WHAM
What is WHAM
WHAM is a high-throughput sequence alignment tool developed at University of Wisconsin-Madison. It aligns short DNA sequences (reads) to the whole human genome at a rate of over 1500 million 60bps reads per hour, which is one to two orders of magnitudes faster than the leading state-of-the-art techniques. Here is a quick feature list for the current version (v 0.1.2) of WHAM:
- Supports paired-end reads
- Supports up to 5 mismatches
- Supports up to 3 gaps
- Supports quality scores for filtering invalid alignments, and sorting valid alignments
- Supports multi-threading
- Supports rich reporting modes
- Supports SAM format output
Curious about the name WHAM – it stands for Wisconsin’s High-throughput Alignment Method.

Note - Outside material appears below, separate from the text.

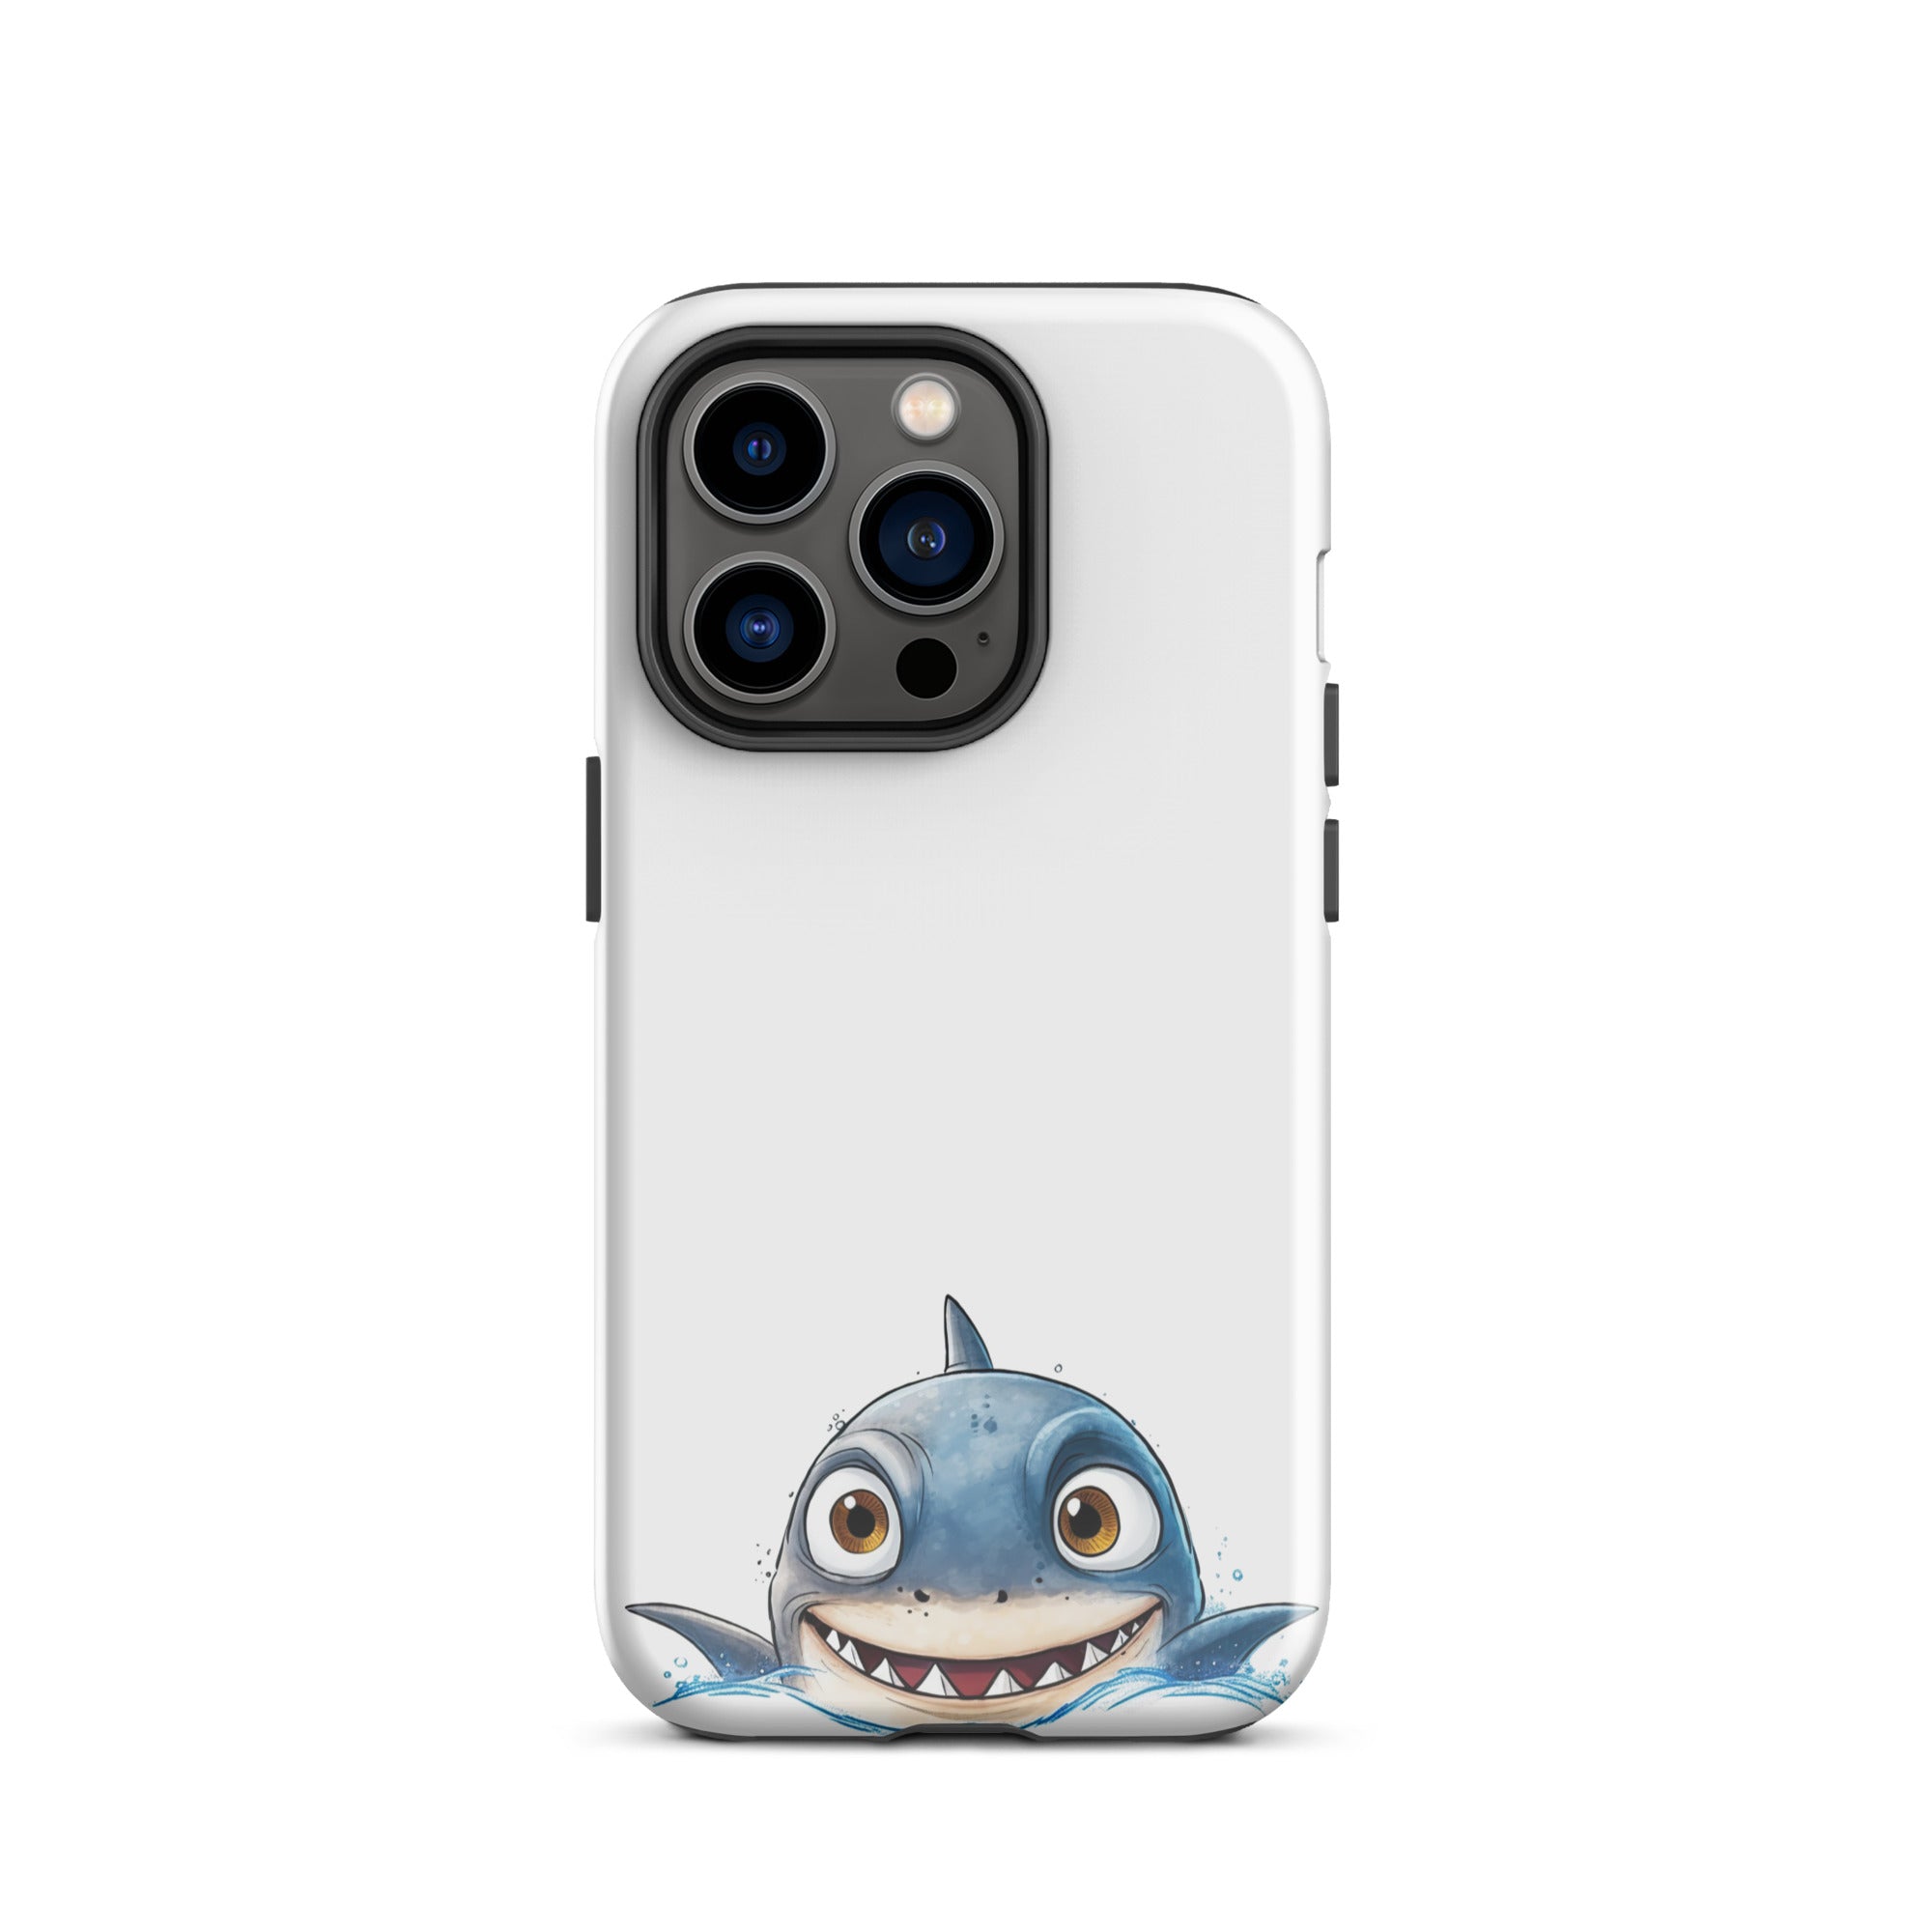 tough-case-for-iphone-glossy-iphone-14-pro-front-65638710b044c.jpg

WHAM is released under the GPLv3 license. You can download the source code with sample data from the download page.
The WHAM Team
The WHAM team is: Yinan Li, Allie Terrell and Jignesh M. Patel.
Reference
If you need to cite WHAM, please use: “WHAM: A High-throughput Sequence Alignment Method, Y. Li, A. Terrel and J. M. Patel, In Proceedings of the ACM SIGMOD International Conference on Management of Data, SIGMOD 2011, Athens, Greece.” [pdf]
Support
WHAM is supported by a grant from the National Science Foundation.